[Items from a data source]
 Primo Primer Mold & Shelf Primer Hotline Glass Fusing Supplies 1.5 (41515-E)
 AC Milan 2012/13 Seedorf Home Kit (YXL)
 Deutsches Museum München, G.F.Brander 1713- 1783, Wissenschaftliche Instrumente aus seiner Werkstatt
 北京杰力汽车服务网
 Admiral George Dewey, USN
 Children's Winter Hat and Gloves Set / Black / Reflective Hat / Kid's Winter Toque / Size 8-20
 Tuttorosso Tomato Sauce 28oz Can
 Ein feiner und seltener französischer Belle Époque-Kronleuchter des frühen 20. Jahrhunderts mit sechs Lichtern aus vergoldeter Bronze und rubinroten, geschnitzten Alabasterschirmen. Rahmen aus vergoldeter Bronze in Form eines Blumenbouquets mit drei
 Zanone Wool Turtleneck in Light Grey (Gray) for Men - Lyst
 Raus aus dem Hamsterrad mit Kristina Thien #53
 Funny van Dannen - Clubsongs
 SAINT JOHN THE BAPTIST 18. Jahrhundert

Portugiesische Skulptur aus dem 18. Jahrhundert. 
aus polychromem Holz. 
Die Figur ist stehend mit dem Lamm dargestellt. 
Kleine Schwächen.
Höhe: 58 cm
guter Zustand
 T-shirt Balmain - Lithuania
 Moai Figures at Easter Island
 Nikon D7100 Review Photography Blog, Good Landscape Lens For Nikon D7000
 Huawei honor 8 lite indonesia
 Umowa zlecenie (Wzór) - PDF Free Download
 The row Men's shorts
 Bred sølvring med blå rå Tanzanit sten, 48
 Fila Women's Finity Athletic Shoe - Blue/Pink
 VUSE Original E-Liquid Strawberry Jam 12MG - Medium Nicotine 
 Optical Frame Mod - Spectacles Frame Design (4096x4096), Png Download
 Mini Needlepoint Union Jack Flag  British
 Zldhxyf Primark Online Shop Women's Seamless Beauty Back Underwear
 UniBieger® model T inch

### [What this task involves]
Once the line that contains "Höhe: 58 cm" is found, please give it again exactly, along with each line that comes after it, through the last line of the entries.

### [Result for this exercise]
Höhe: 58 cm
guter Zustand
 T-shirt Balmain - Lithuania
 Moai Figures at Easter Island
 Nikon D7100 Review Photography Blog, Good Landscape Lens For Nikon D7000
 Huawei honor 8 lite indonesia
 Umowa zlecenie (Wzór) - PDF Free Download
 The row Men's shorts
 Bred sølvring med blå rå Tanzanit sten, 48
 Fila Women's Finity Athletic Shoe - Blue/Pink
 VUSE Original E-Liquid Strawberry Jam 12MG - Medium Nicotine 
 Optical Frame Mod - Spectacles Frame Design (4096x4096), Png Download
 Mini Needlepoint Union Jack Flag  British
 Zldhxyf Primark Online Shop Women's Seamless Beauty Back Underwear
 UniBieger® model T inch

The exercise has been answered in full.